The third and last part of the challenge deals directly with models for food web structure: “Can we write stability criteria for consumer–resource matrices (i.e., where if \(M_{ij} >0\), then \(M_{ji} < 0\)) whose network structure (i.e., the position of the negative/positive coefficients) is determined by a popular model for food web structure?” This third part, although mathematically quite challenging, would have the most direct application to food web theory.

Beyond stability

RMT could have many other applications in ecology.

For example, recently ecologists recognized the important role of the transient dynamics displayed by ecological communities after disturbance (Hastings 2001). Neubert and Caswell (1997) showed that stable equilibria could be classified as reactive or nonreactive depending on whether small perturbations can (reactive) or cannot (non reactive) be amplified before decaying. Interestingly, while stability (will perturbations eventually subside?) is determined by the eigenvalues of \({\mathbf {M}}\), reactivity (are perturbations initially amplified?) is controlled by that of the “Hermitian (symmetric) part” of the community matrix \({\mathbf {M}}\), defined as \({\mathbf H} = ({\mathbf M} + {\mathbf M}^T) / 2\). Because also \(\mathbf {H}\) is a random matrix, it is a matter of simple algebra to derive “reactivity criteria” (Tang and Allesina 2014). Transient dynamics can be described by other quantities related to matrices derived from \({\mathbf {M}}\). For example, the maximum amplification of perturbations is controlled by the matrix exponential \(e^{{\mathbf M}} = \sum _0^\infty {\mathbf M}^k / k!\) (Neubert and Caswell 1997), which could also be attacked using RMT.

Besides transient dynamics of ecological communities, random matrices could play an important role in providing null models for other ecological disciplines. For example, take metacommunities. We have a landscape, and habitable patches are scattered in the landscape. These patches are connected by dispersal, forming a dispersal matrix, whose coefficients are typically functions of the distance between patches. Hanski and Ovaskainen (2000) have shown that the relationship between the leading eigenvalue of the dispersal matrix (dubbed the “metapopulation capacity”) and the extinction rate for the population determine persistence. As such, one could use RMT to generate the expected persistence of the metapopulation when patches are randomly scattered in the landscape.

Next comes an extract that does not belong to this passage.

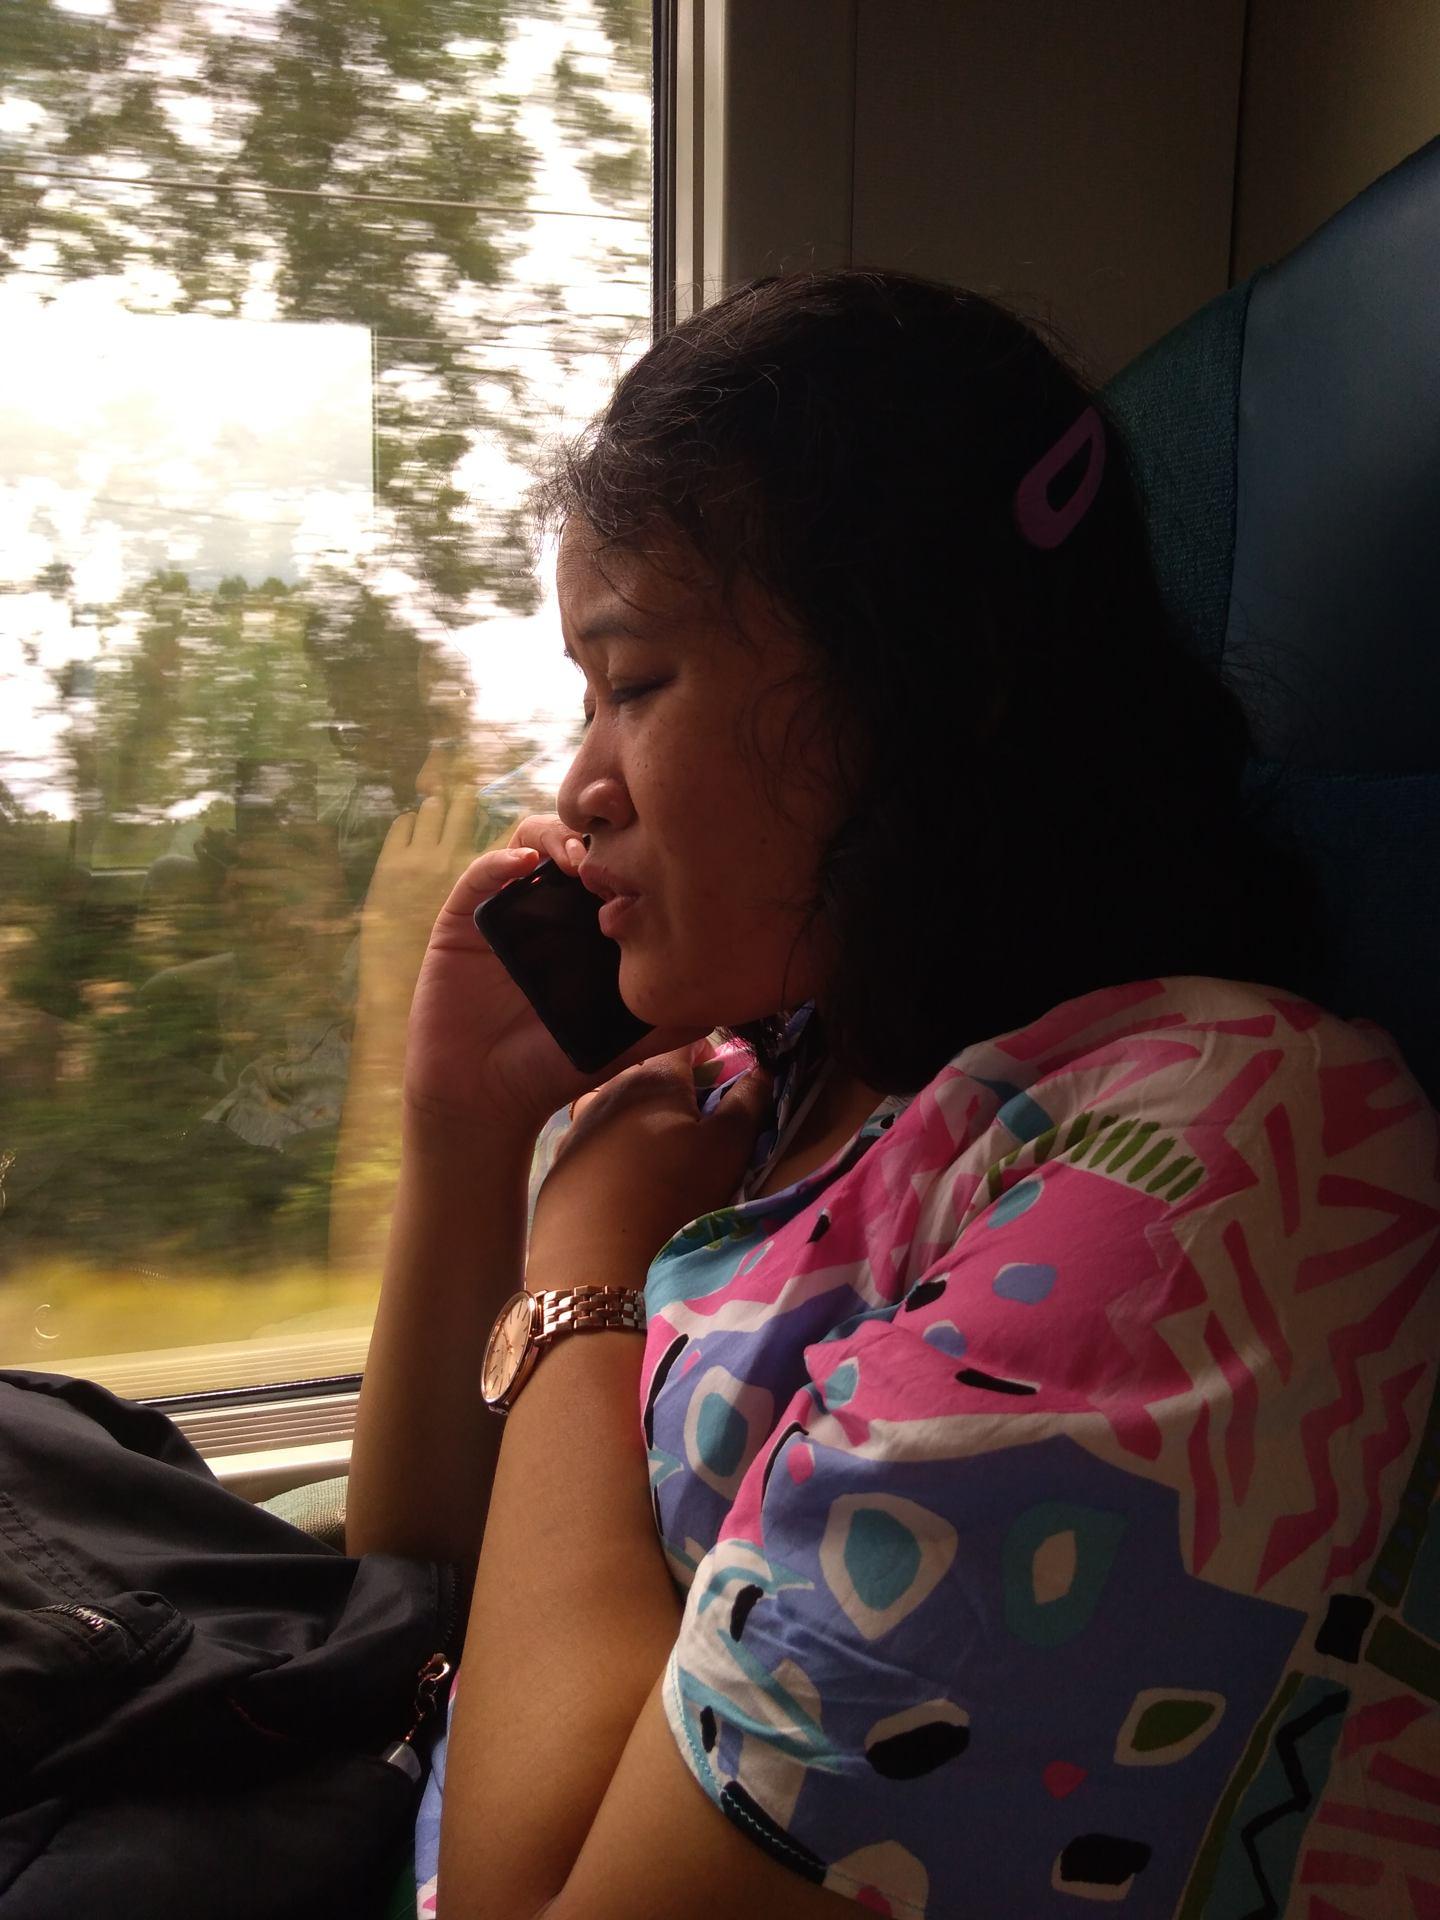 Always on the phone

These “occupancy models” for metapopulations, in which the quantity being modeled is the presence/absence of a species in a patch, share many similarities with susceptible-infective-susceptible (SIS) models for infectious diseases. Take an SIS model unfolding on a network: individuals are connected by infection rates (\(\beta _{ij}\)), forming a “contact matrix”: again, the ratio between the leading eigenvalue of the contact matrix and the recovery rate strongly influence the occurrence and the size of epidemics (Van Mieghem and Cator 2012). Also in this case, RMT could help understanding which are the drivers of epidemics occurring on networks.

Conclusions

After more than 40 years, two of the main intuitions of May’s original article are still highly relevant for theoretical biology. First, biological systems are large: the gene-regulatory network of yeast is composed of about 6,000 genes, the richest ecosystems contain more than 10,000 species, and the contact network for the spread of influenza in the Chicago area would count millions of nodes. Second, the interactions between the genes/organisms/populations vary in time and space, and are highly dependent on environmental conditions. As such, there is not “a network” we can measure, but rather a statistical ensemble of networks sharing similar characteristics.

RMT is ideally suited to deal with this problem. We can introduce relevant rules for the construction of the random matrix and analytically probe the consequences of each constraint. Clearly, there are a number of important limitations that need to be overcome in order to make this approach more biologically relevant, and we have listed the more pressing issues in the preceding sections. For each obstacle we can overcome, we can incorporate into our matrices more and more biological realism, and thus construct better and more cogent null-models.